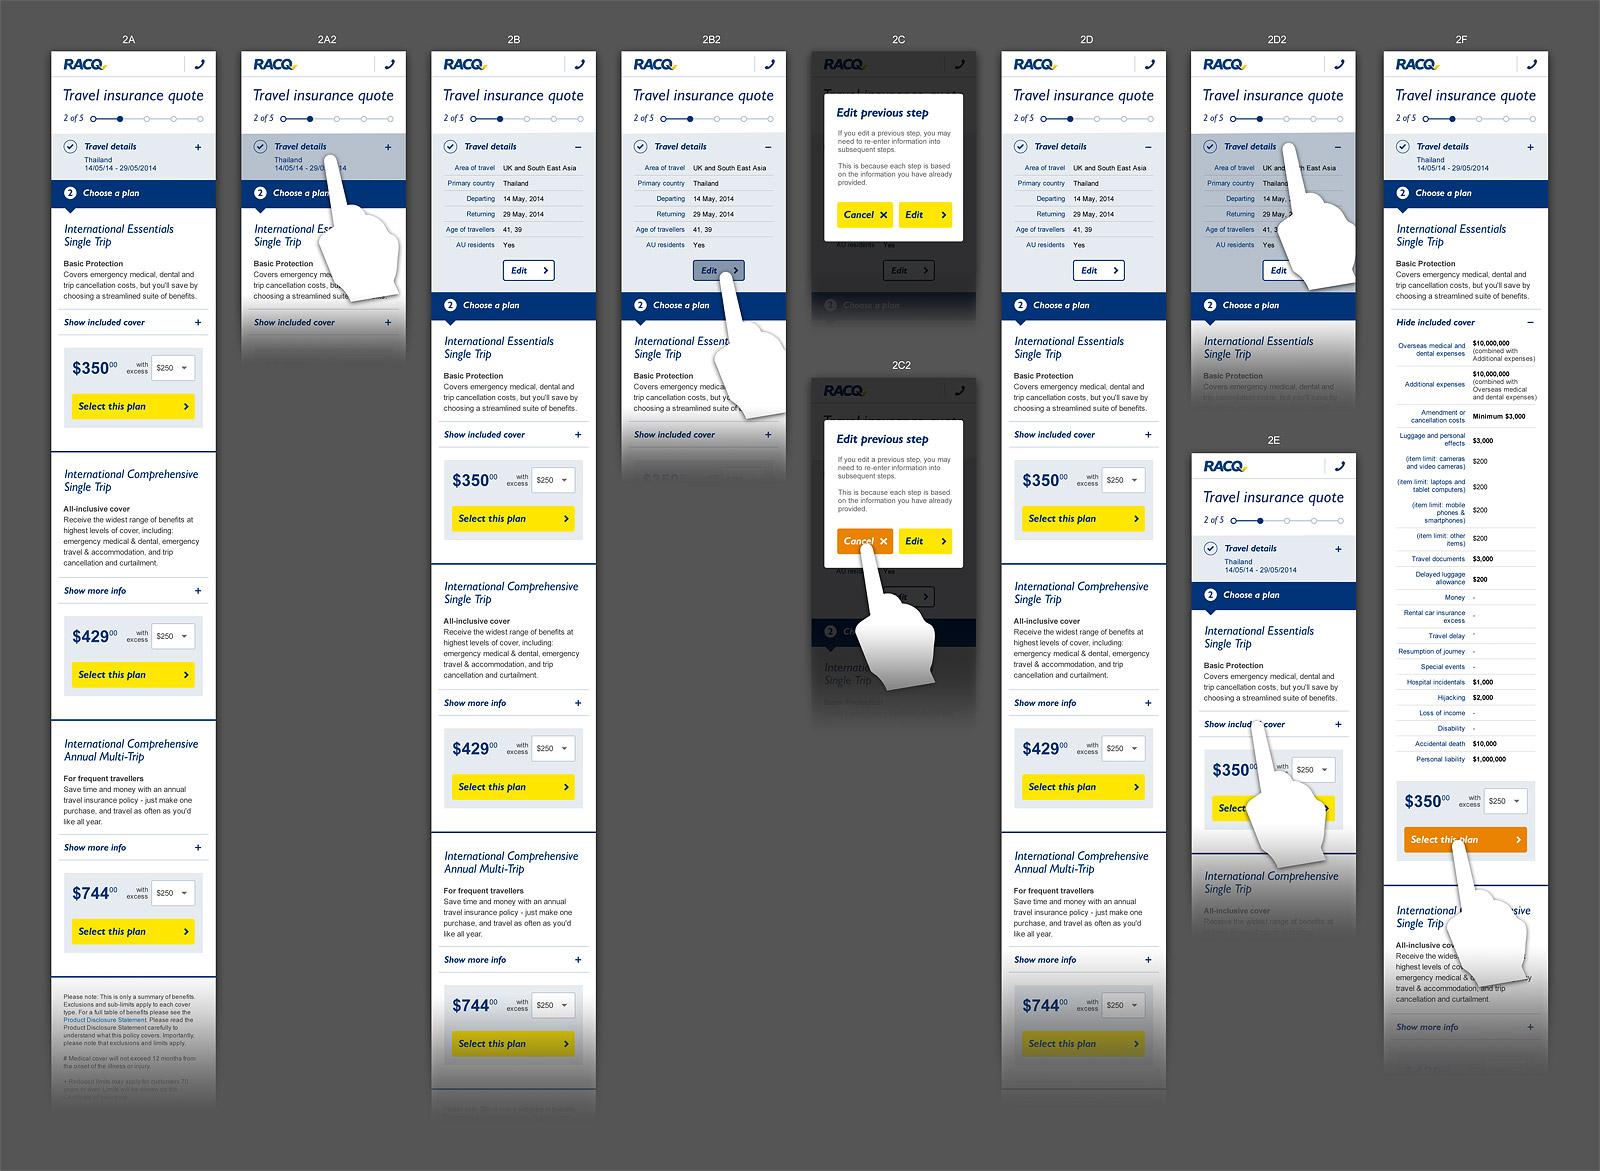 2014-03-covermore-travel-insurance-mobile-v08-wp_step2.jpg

● ● ●

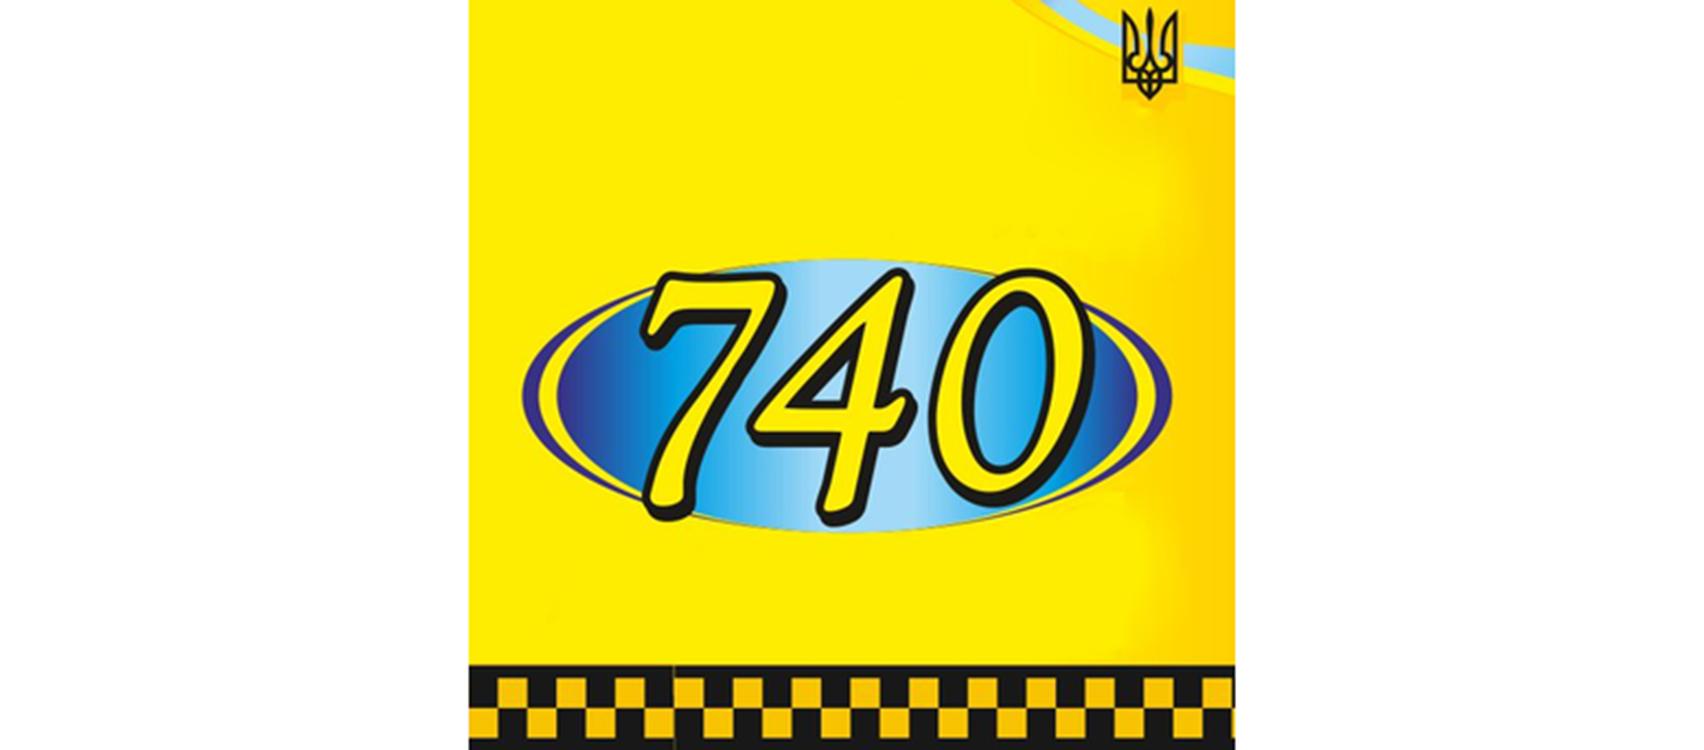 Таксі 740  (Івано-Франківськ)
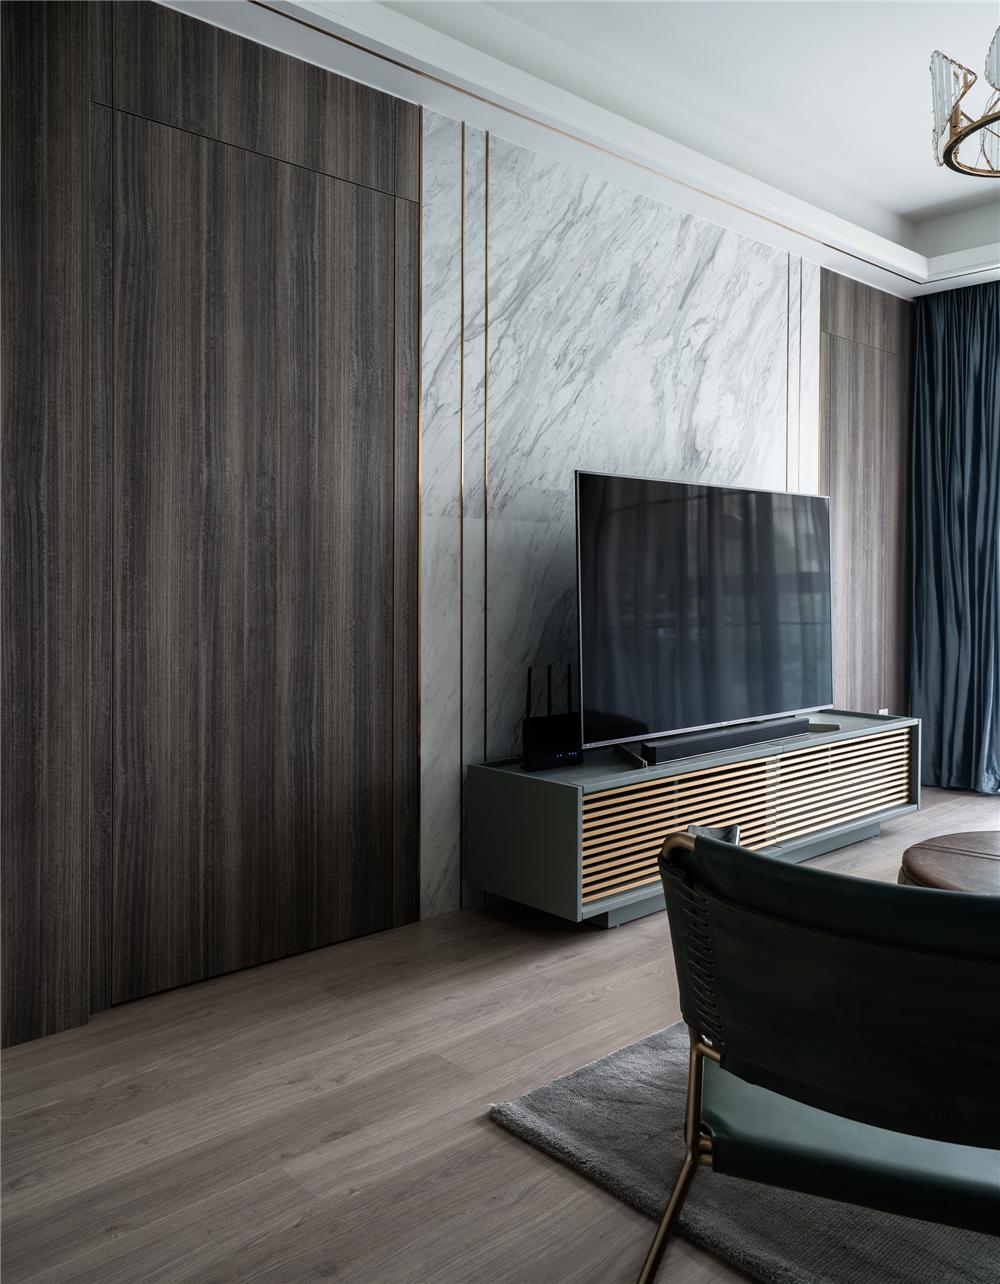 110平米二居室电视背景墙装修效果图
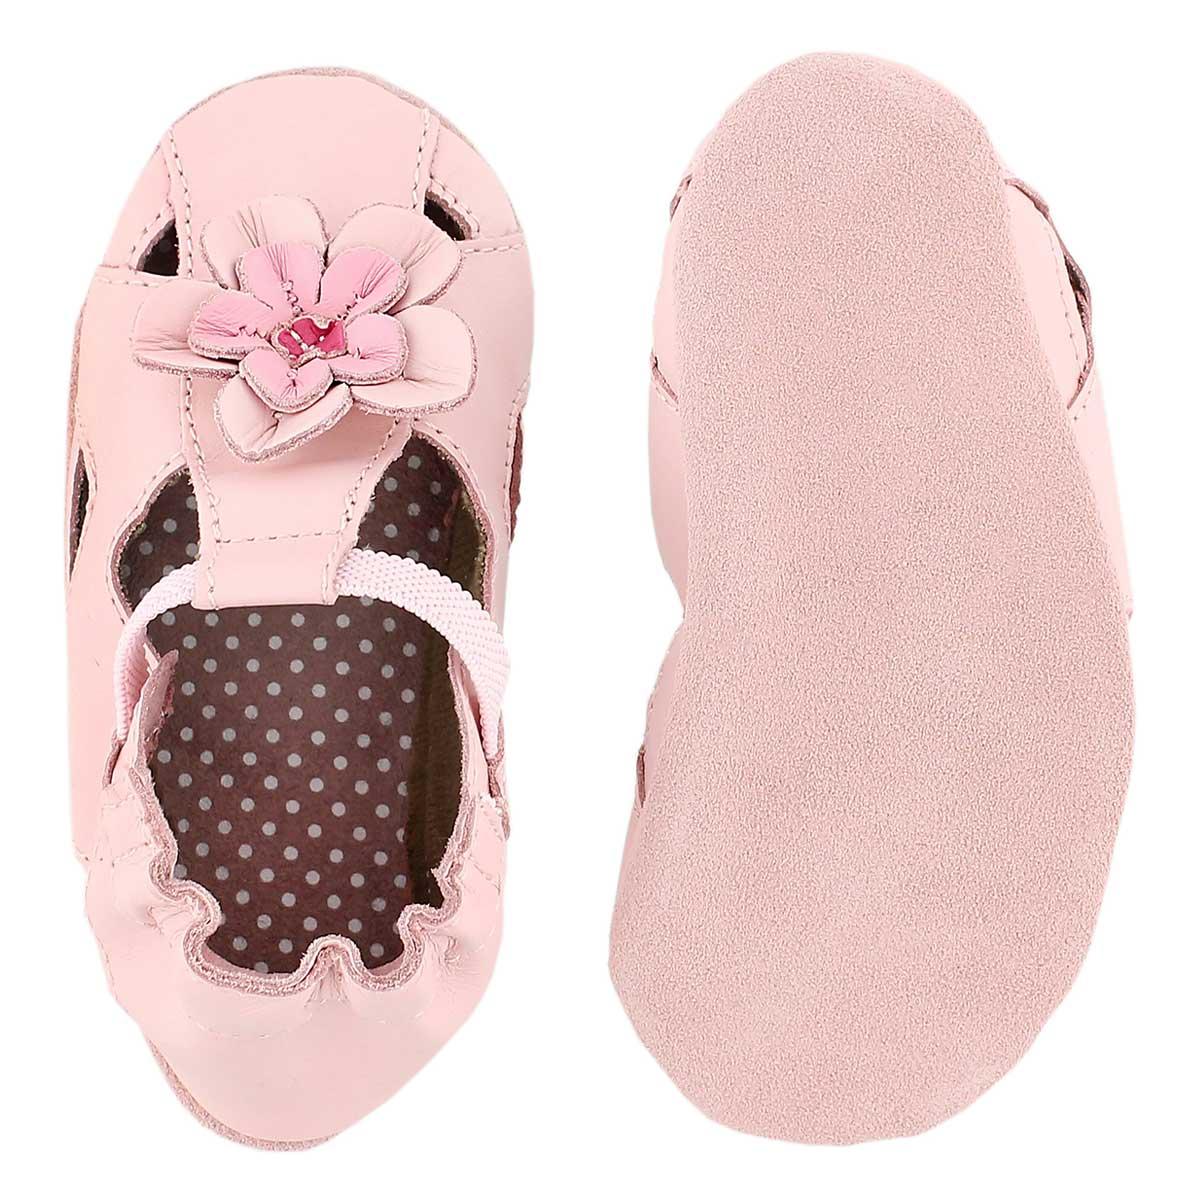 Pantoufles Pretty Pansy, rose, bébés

● ● ●

**How to complete this task**: Return exactly the lines of the material above, starting at the line containing "110平米二居室电视背景墙装修效果图" and finishing at the line containing "Pantoufles Pretty Pansy, rose, bébés", without any pictures.

**Task response**:
 110平米二居室电视背景墙装修效果图
 Pantoufles Pretty Pansy, rose, bébés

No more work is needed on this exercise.